2. The storage layer returns a unique file path.
3. That path is embedded into the eventual action payload.

This means uploads happen *while the user is still filling out the form*, not at submit time. By the time the form is submitted, the heavy work is already done and the action itself is small and fast.

When an action is processed, the backend verifies that every referenced file path actually exists before accepting the action. It also **cleans up unreferenced files for the event in the same step**: any file uploaded under the event's prefix that is not referenced by the freshly-computed state is deleted. There is no scheduled GC job — orphan cleanup is reactive, on every action.

### Country configuration receives every action

OpenCRVS Core is event-agnostic. The concepts of "birth", "death", "marriage" do not exist inside core — they are defined entirely by a **country configuration server** that each implementing country runs and owns. The configuration defines event types, form fields, validation rules, certificate templates, business rules, and notification logic.

On every action the core sends the **full event document** (the event metadata plus the complete raw action history) to the country configuration server. Country config can:

* Handle the action **synchronously** — respond with 200 to confirm, or an error to reject and have it retried.
* Handle it **asynchronously** — respond with 204 and call back later via APIs to confirm completion.

If the country configuration server is unreachable or returns an error, the user-facing action **fails** and is retried until country config is back up. This is deliberate: country config often holds business rules that the core cannot validate on its own (e.g. legal eligibility), so accepting an action that country config would have rejected is worse than asking the user to wait.

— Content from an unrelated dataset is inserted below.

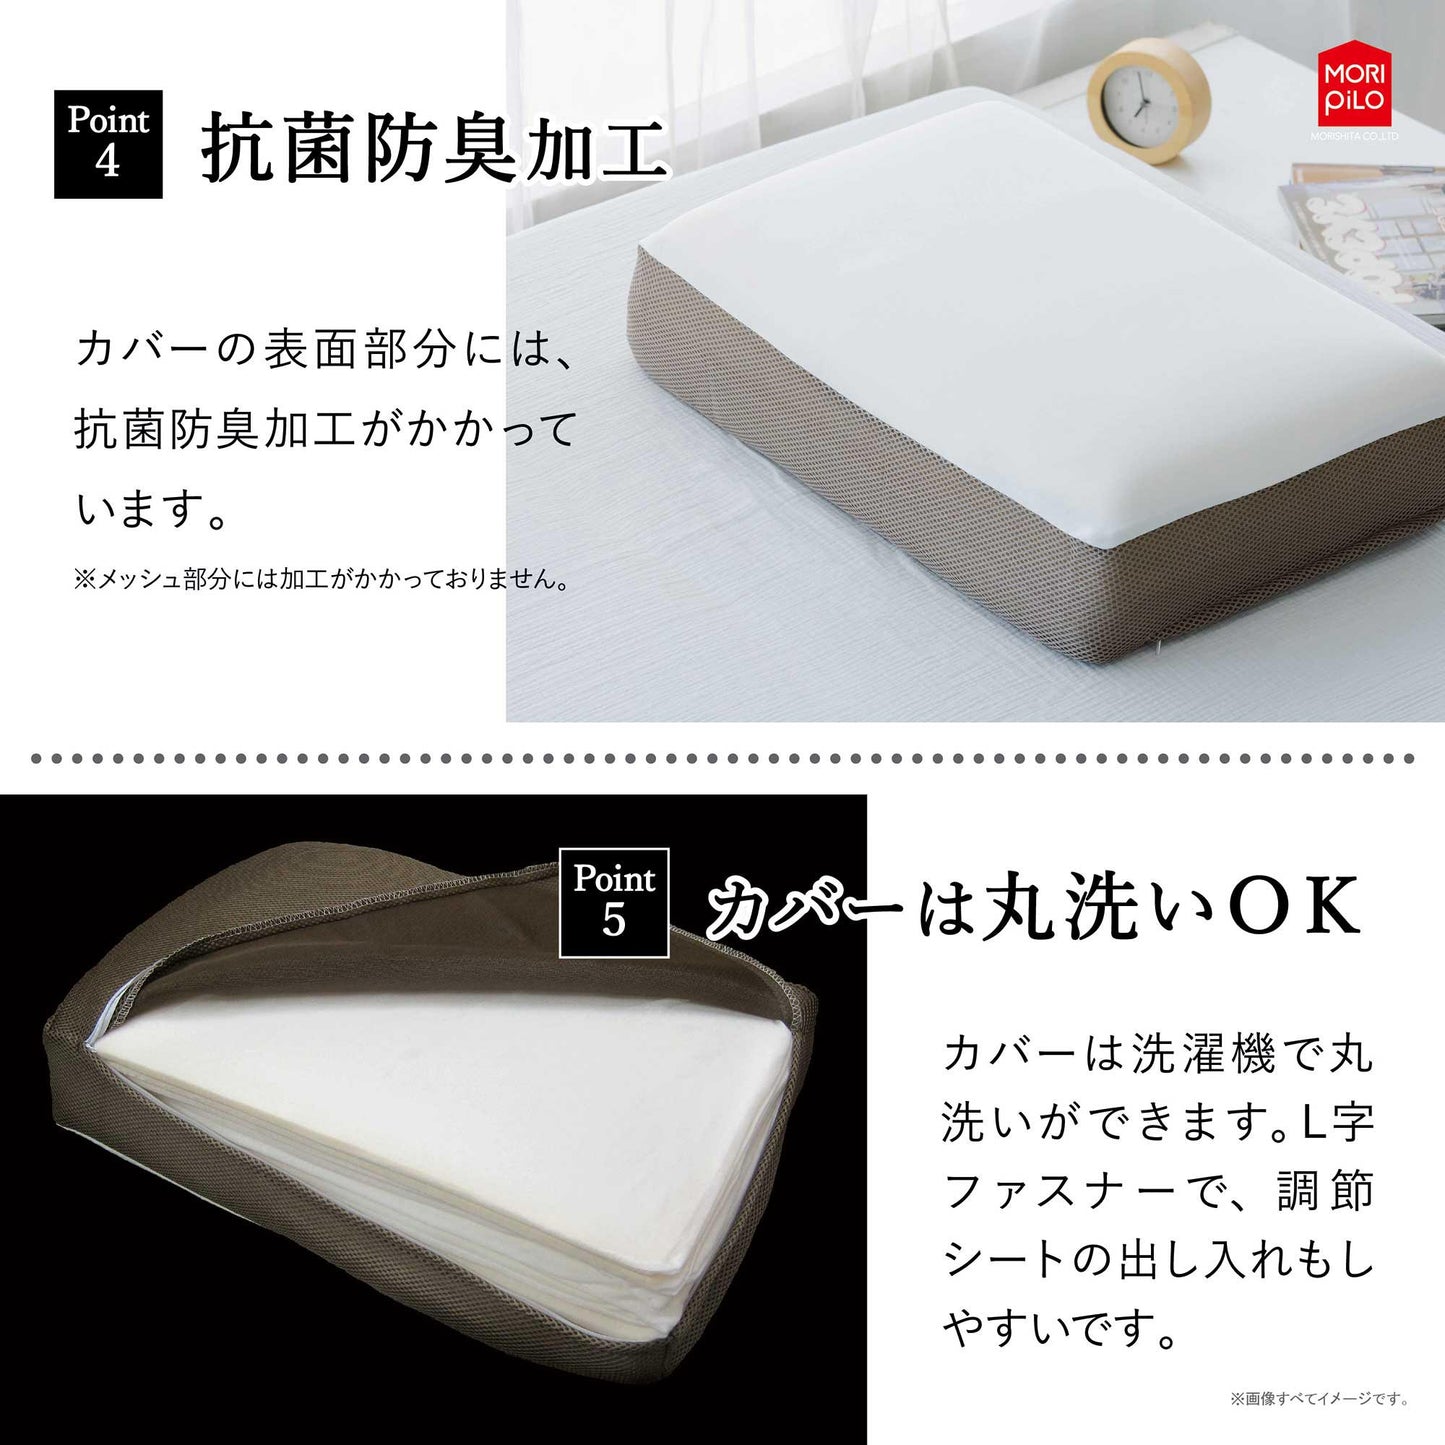 8-level adjustable pillow with high resilience so you don't have to worry about height

Delivery is **at-least-once**: a retried action after a country config 5xx may be delivered more than once, so country config integrations should be idempotent.

This integration point is where countries typically wire in their analytics warehouses, downstream identity systems, statistical bureaus, and so on — by subscribing to the action stream rather than reaching into core's database.

### What this means for adopters

* **Configurability is per-country, not per-deploy.** Event types and payload schemas are owned by your country configuration server. Birth/death/marriage are not hardcoded in the core.
* **The full history is non-negotiable.** Actions are immutable; corrections happen by appending new actions, not by editing past ones. Errors stay visible in the log but no longer affect the derived state.
* **You can rebuild from Postgres alone.** Losing Elasticsearch is recoverable; losing Postgres is not. Backup strategy should focus there.